Император сделал несколько шагов вдоль рядов собравшихся, как будто собираясь с мыслями и всё больше бледнея.

— Оно должно завершиться подписанием меморандума о взаимном уважении и взаимопомощи всех конфессий империи, с объявлением о прекращения внутренних распрей, если таковые имеются. Для того, чтобы этот документ не остался пустой декларацией, представители каждой конфессии составят список действий и заявлений, которые они считают неприемлемыми и оскорбительными, а представители остальных конфессий дадут письменное обязательство воздерживаться сами и удерживать единоверцев от указанных действий и заявлений. Вторым обязательным условием окончания совещания является учреждение Российской духовной академии с числом факультетов, равных числу конфессий и набором единых предметов для всех факультетов, необходимых для единообразного понимания отечественной истории и текущих задач, стоящих перед государством, а значит перед каждой конфессией отдельно…

Император обвел взглядом притихшее духовенство, молча внемлющее его словам. К горлу подступала тошнота и на лбу проступил холодный пот. Энергии, без остатка потраченной на студентов, сейчас катастрофически не хватало. А духовники сидели с опущенными головами и на последние слова вообще никак не реагировали. «Ах вы, засранцы!» — подумал он зло, почувствовав в этой гробовой тишине эхо русской поговорки «Мели, Емеля, — твоя неделя!».

— Никто из присутствующих не покинет Кремль, пока эти документы не будут подписаны, — тихо, но твёрдо добавил монарх, — и это еще не всё! Реформы ожидают монастыри! Все до единого… Они будут включены в единую систему государственной безопасности, как учебные, исследовательские и производственные заведения, профиль и характер деятельности которых представляют государственную тайну. Таким образом мы расширим понятие «таинство» некоторыми светскими задачами. Впрочем, это касается не только монастырей и не только православия. Каждой религиозной организации найдётся применение в народном хозяйстве. И только в этом случае конфессия может претендовать на казенное вспомоществование. Тунеядцы и нахлебники нам не нужны. Государство в его нынешнем состоянии их просто не потянет.

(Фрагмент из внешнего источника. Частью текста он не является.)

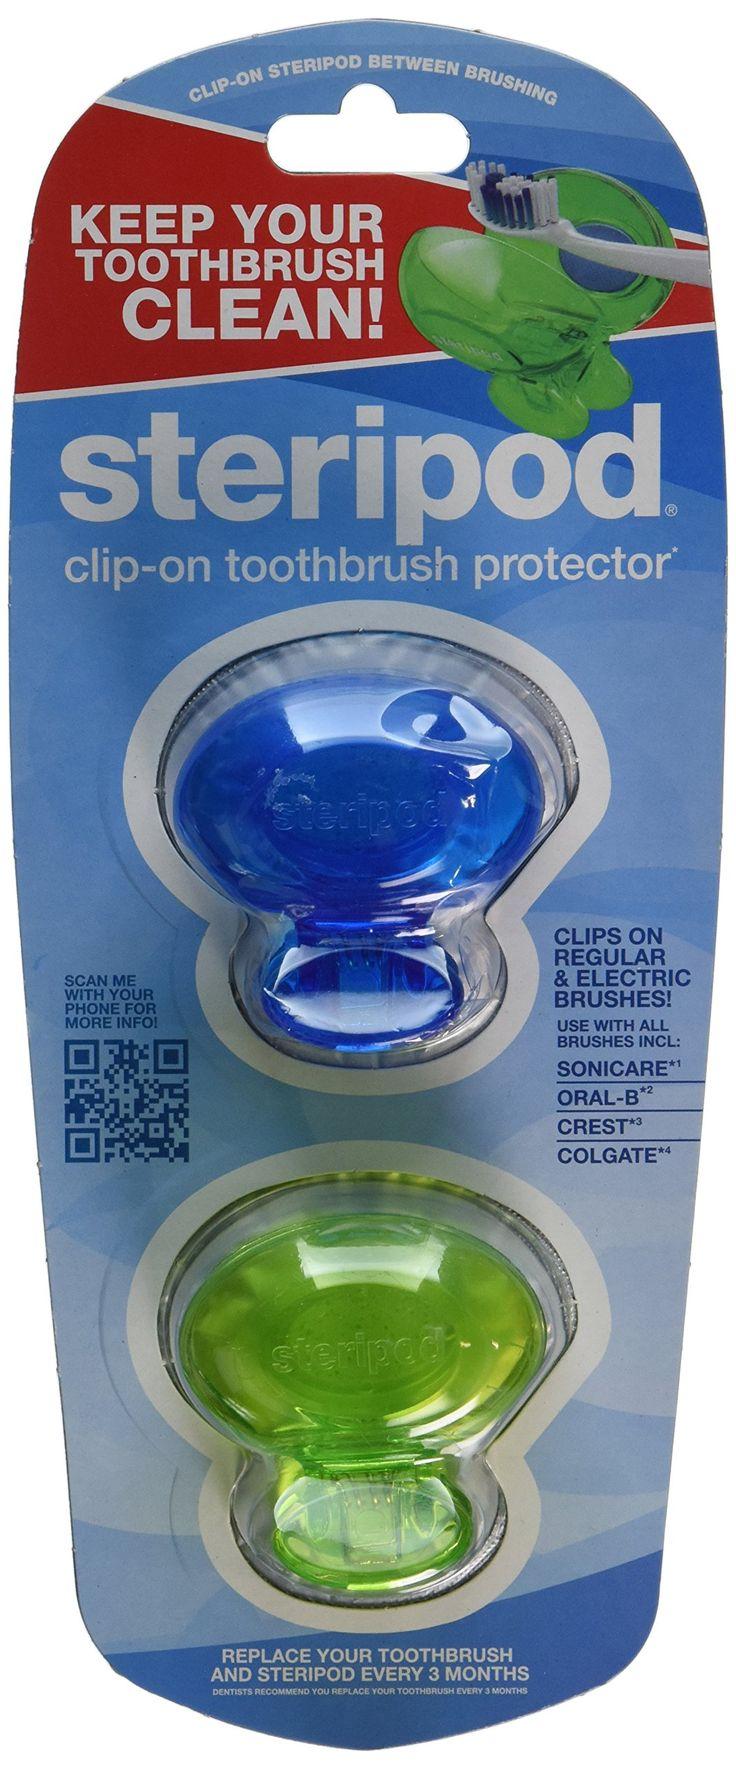 Steripod Clipon Toothbrush Sanitizer (2 Pack

Духовенство при последних словах зашевелилось и начало переглядываться: члены Синода — недоуменно, староверы — торжествующе, мусульмане — растерянно, иудеи — с чисто одесской иронией.

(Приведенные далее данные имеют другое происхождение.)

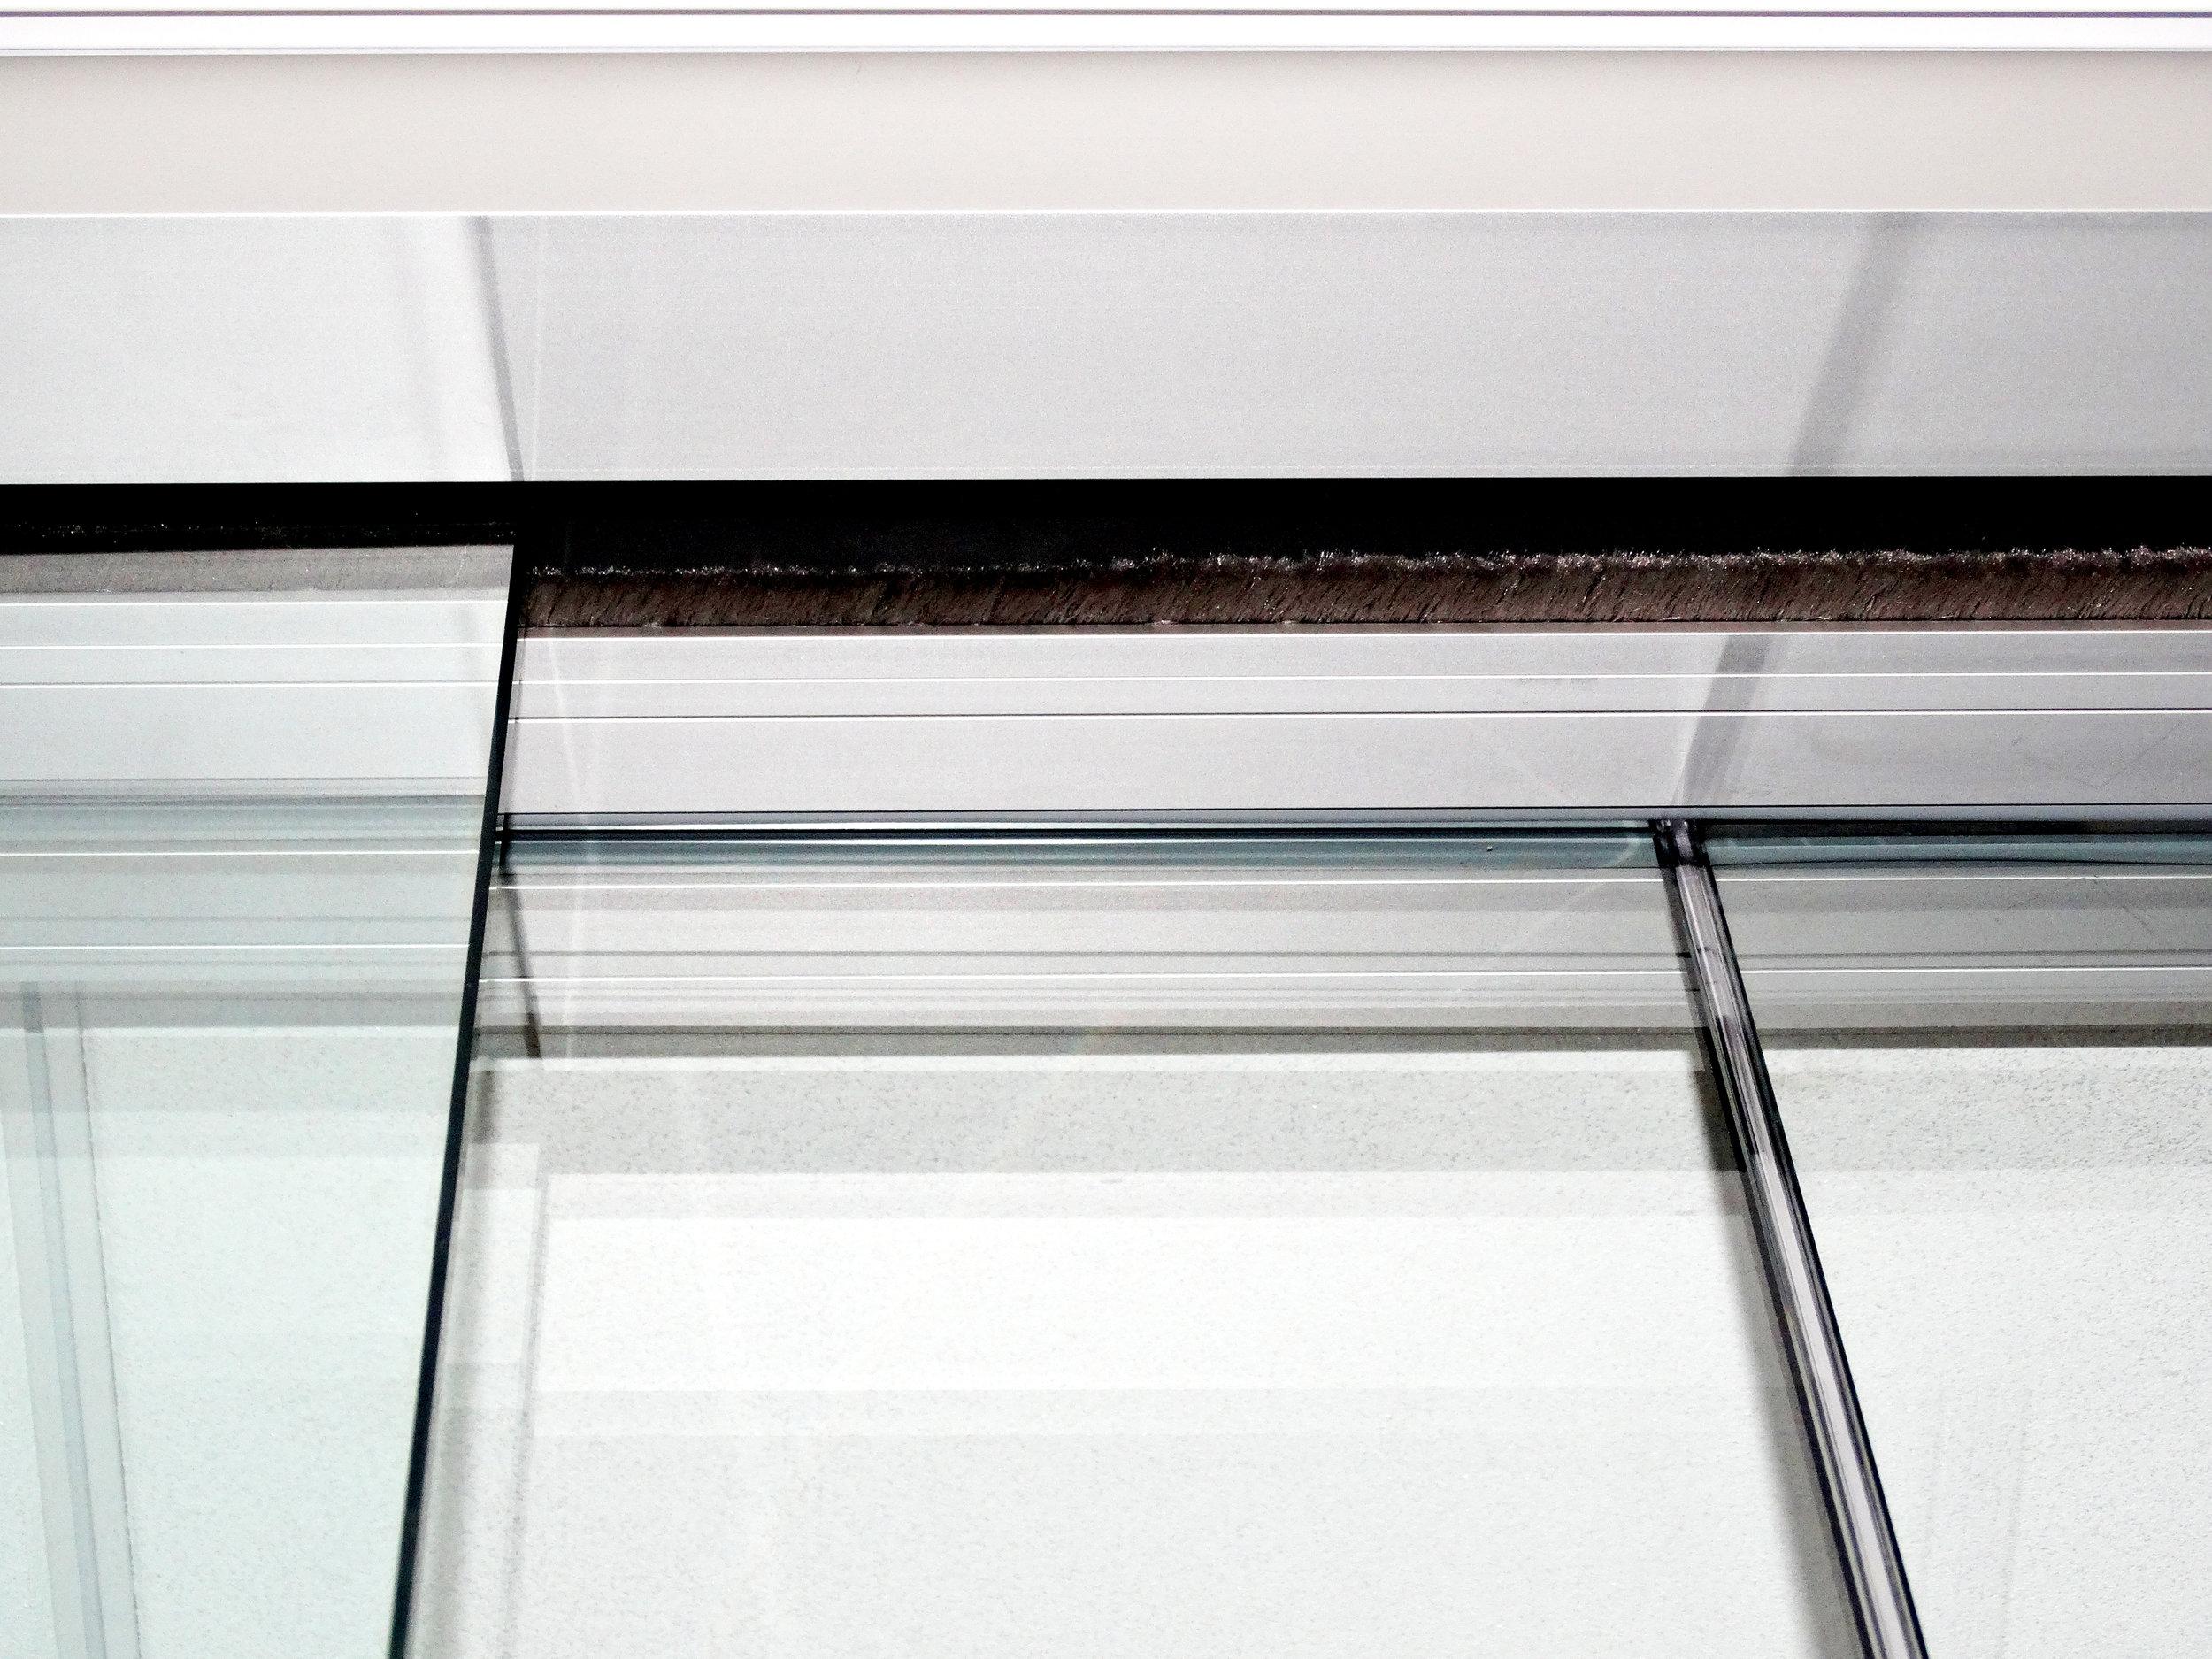 Litespace Sliding Glass Door Track Detail - Spaceworks AI.jpg

— Конечно, я понимаю, что тема межконфессионального взаимодействия и сотрудничества не так популярна, как вопросы противостояния, подсиживания и интриг, — продолжал император. На его лице появилась какая-то подозрительная улыбка, больше похожая на судорогу. — Но время нынче другое и оно диктует новые требования, им придется соответствовать. Могу вам помочь, назначив координатором этой громадной работы человека, достаточно авторитетного и не связанного обязательствами по отношению к какой-либо конфессии. Мне лично идеальной кандидатурой на эту беспокойную должность видится присутствующий здесь Лев Николаевич Толстой, которого Священный Синод недавно освободил от обязательств перед церковью, не так ли, господин обер-прокурор? Вопросы есть?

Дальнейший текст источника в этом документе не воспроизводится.